ASSIGNMENT:
Work through the listing below and give again exactly the lines from the one with "Http www foxnews" to the one with "Envision Partnership Company", both ends included. All other lines and all pictures stay out.

EXERCISE MATERIALS:

▬▬▬

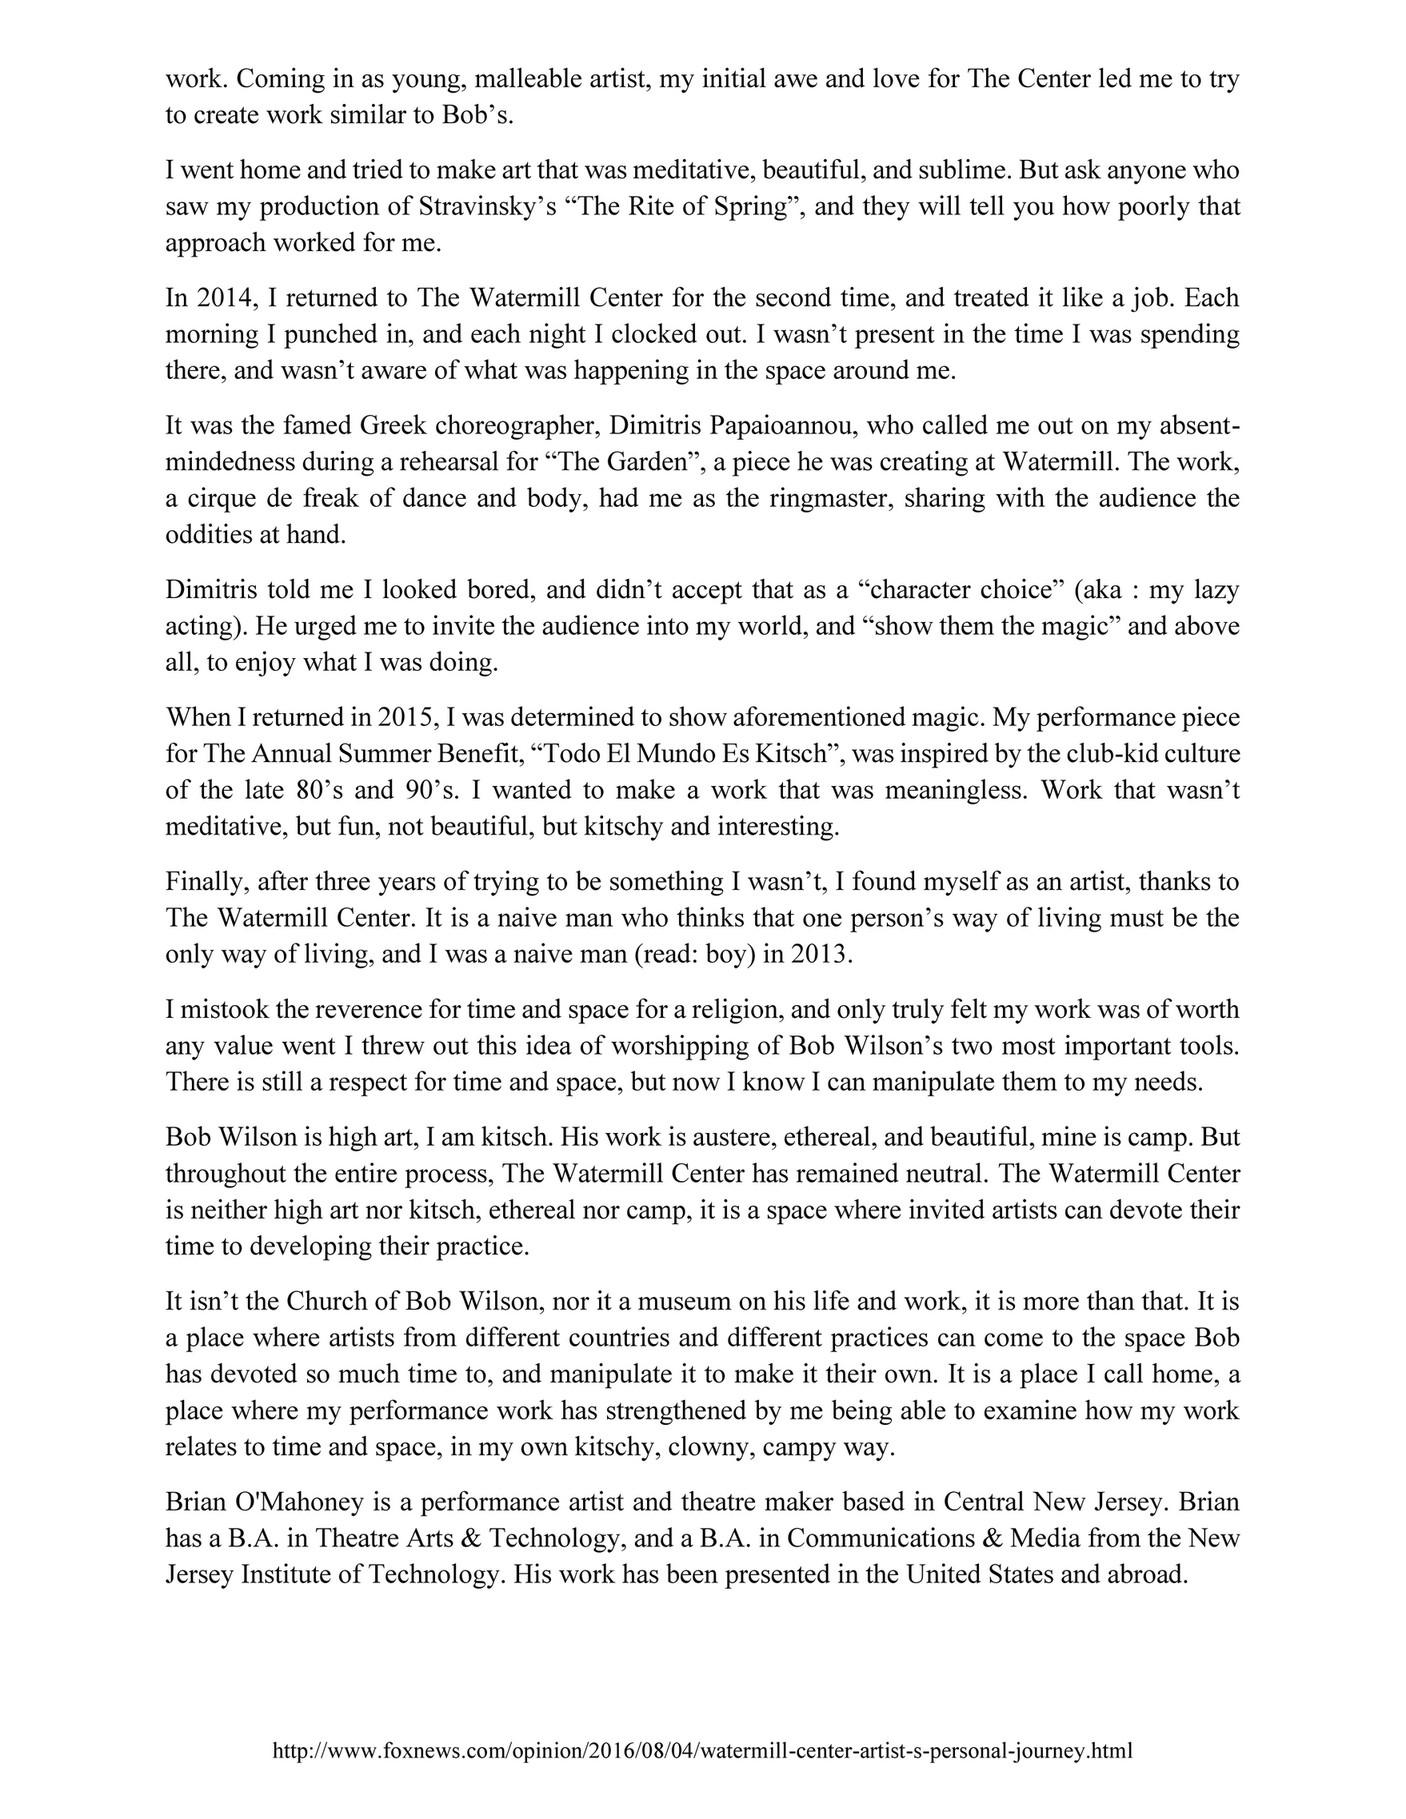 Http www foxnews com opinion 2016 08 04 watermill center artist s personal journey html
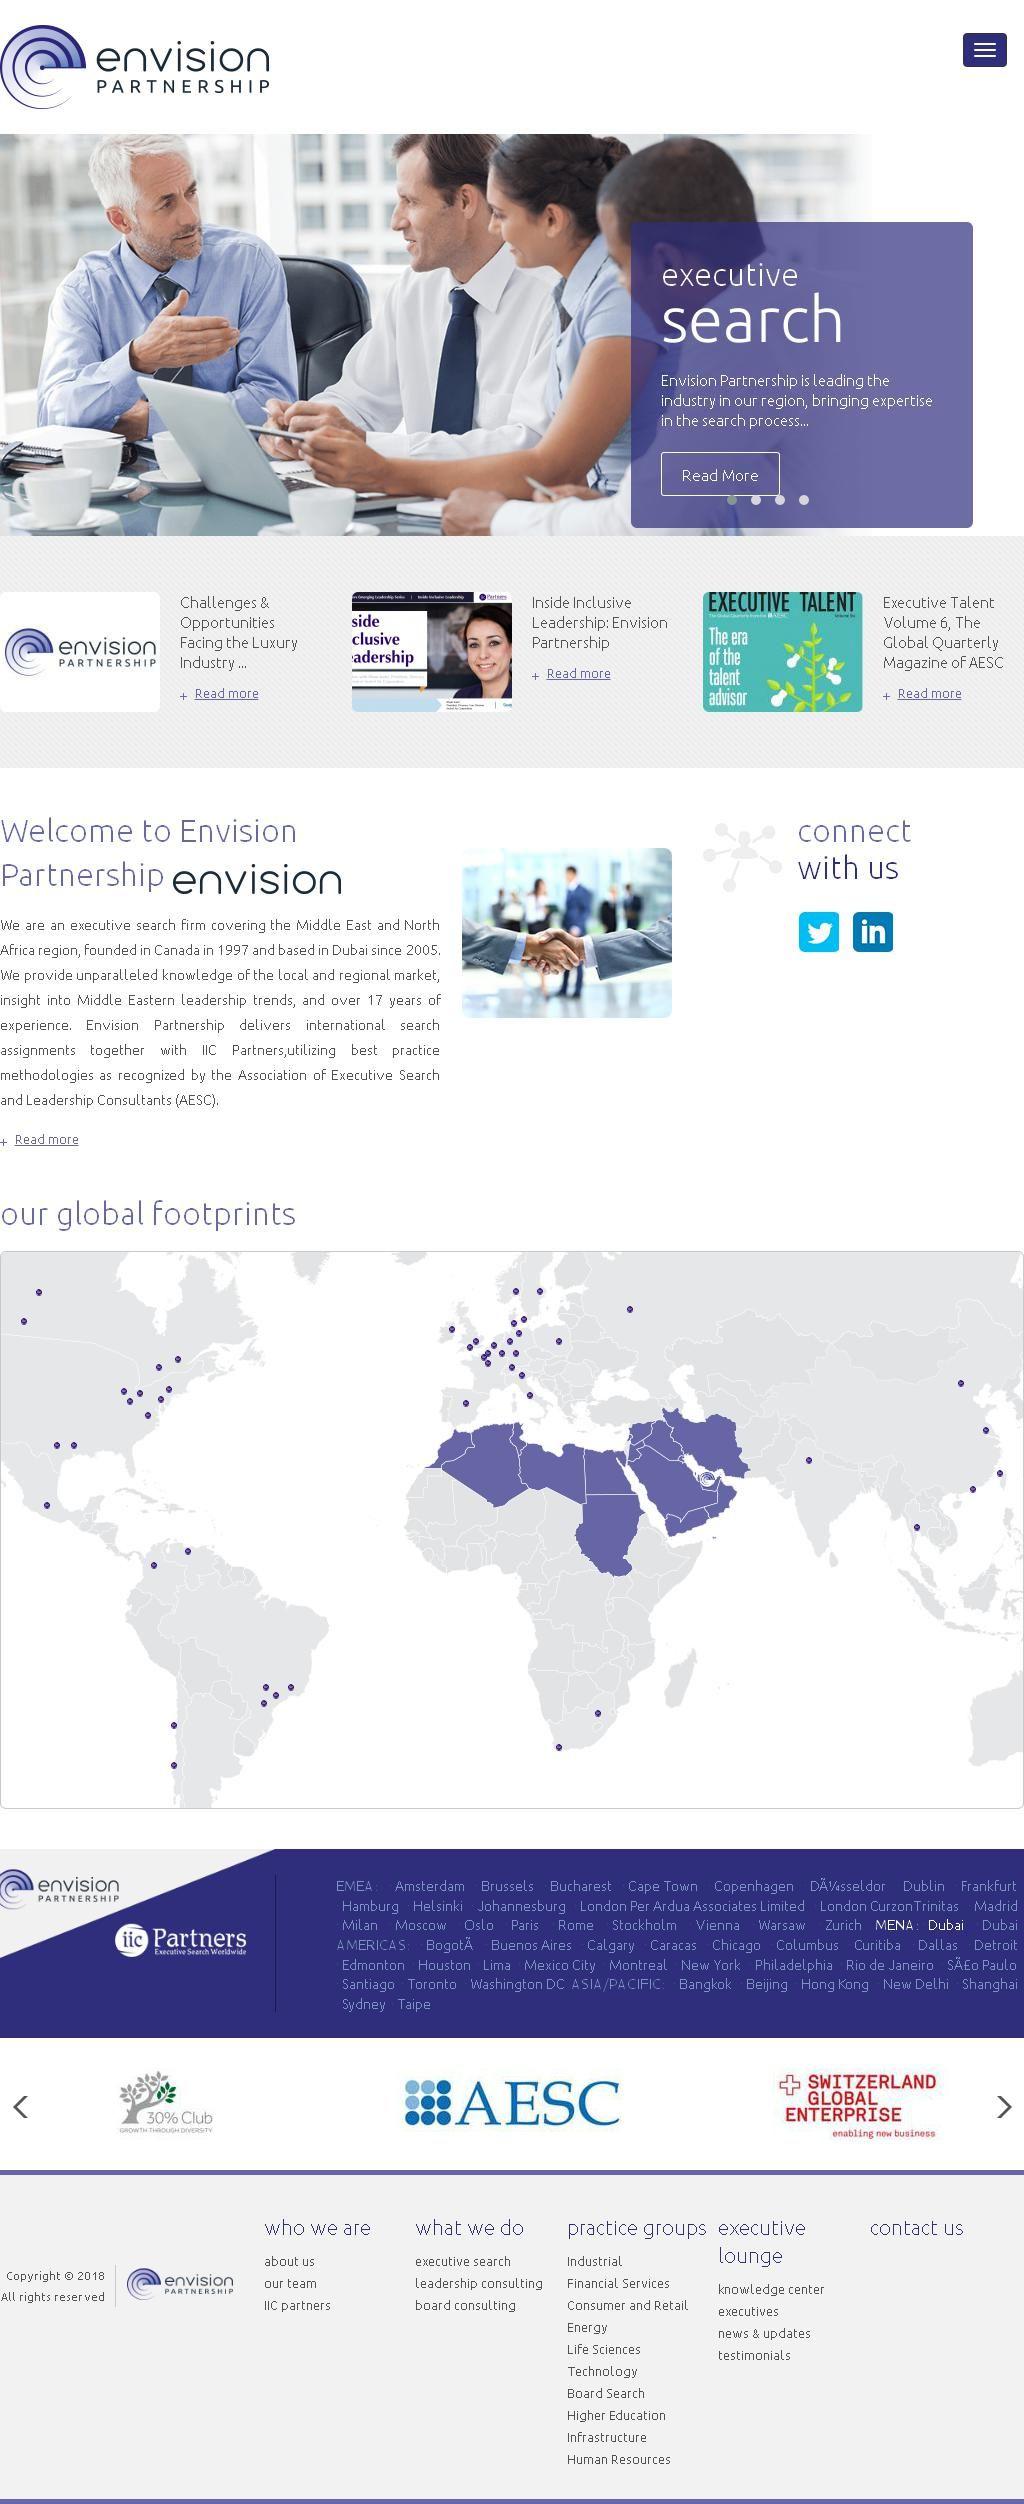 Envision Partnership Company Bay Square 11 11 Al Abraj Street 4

▬▬▬

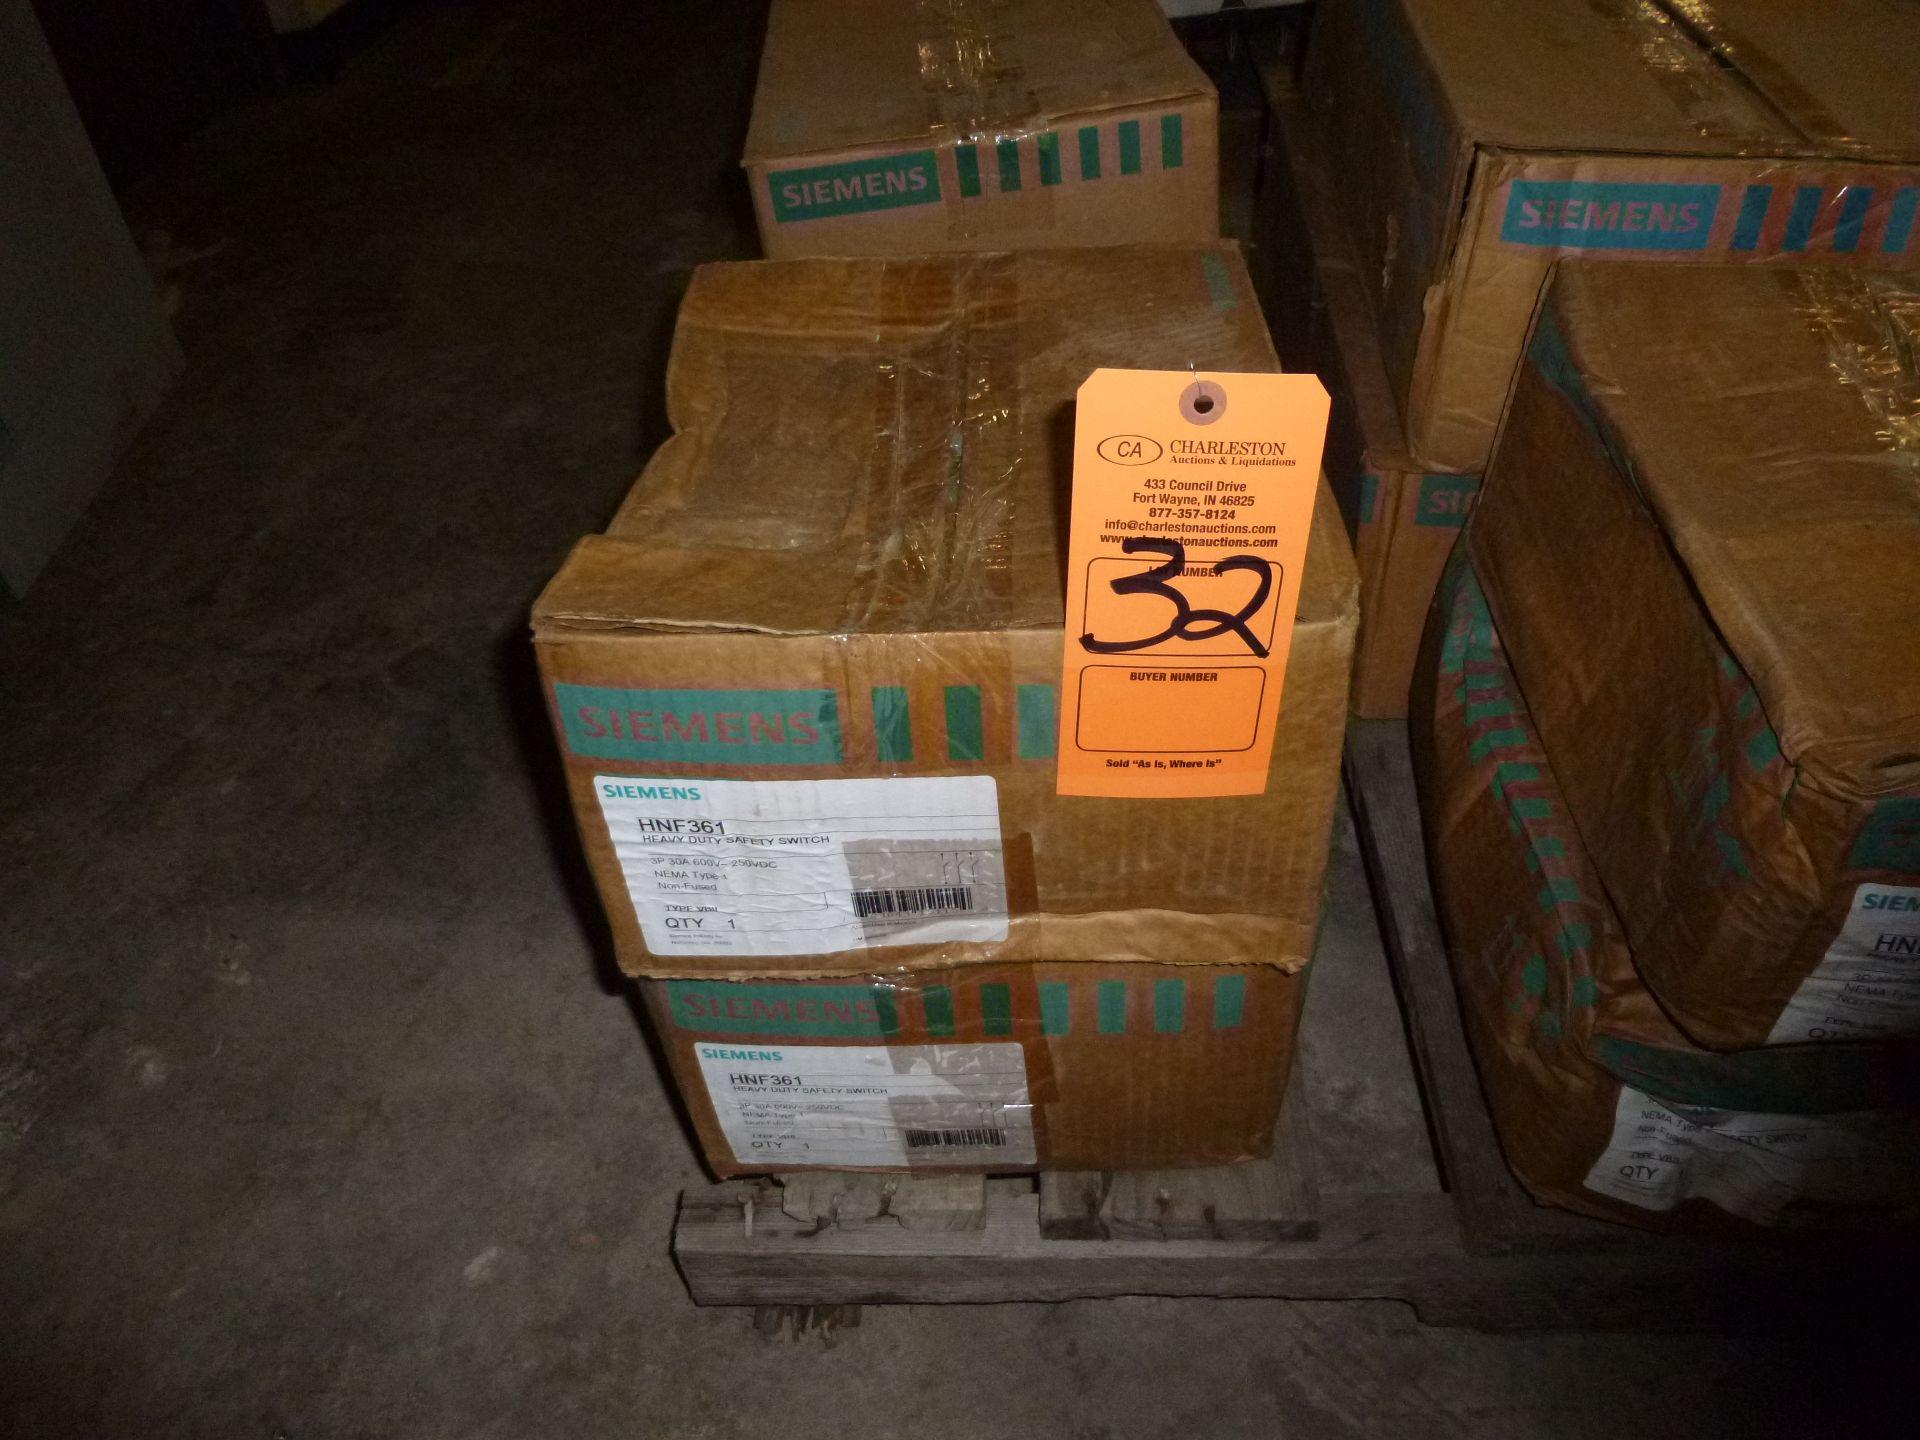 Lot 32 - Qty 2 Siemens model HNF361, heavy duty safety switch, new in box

▬▬▬

RESULT OF THE TASK:
 Http www foxnews com opinion 2016 08 04 watermill center artist s personal journey html
 Envision Partnership Company Bay Square 11 11 Al Abraj Street 4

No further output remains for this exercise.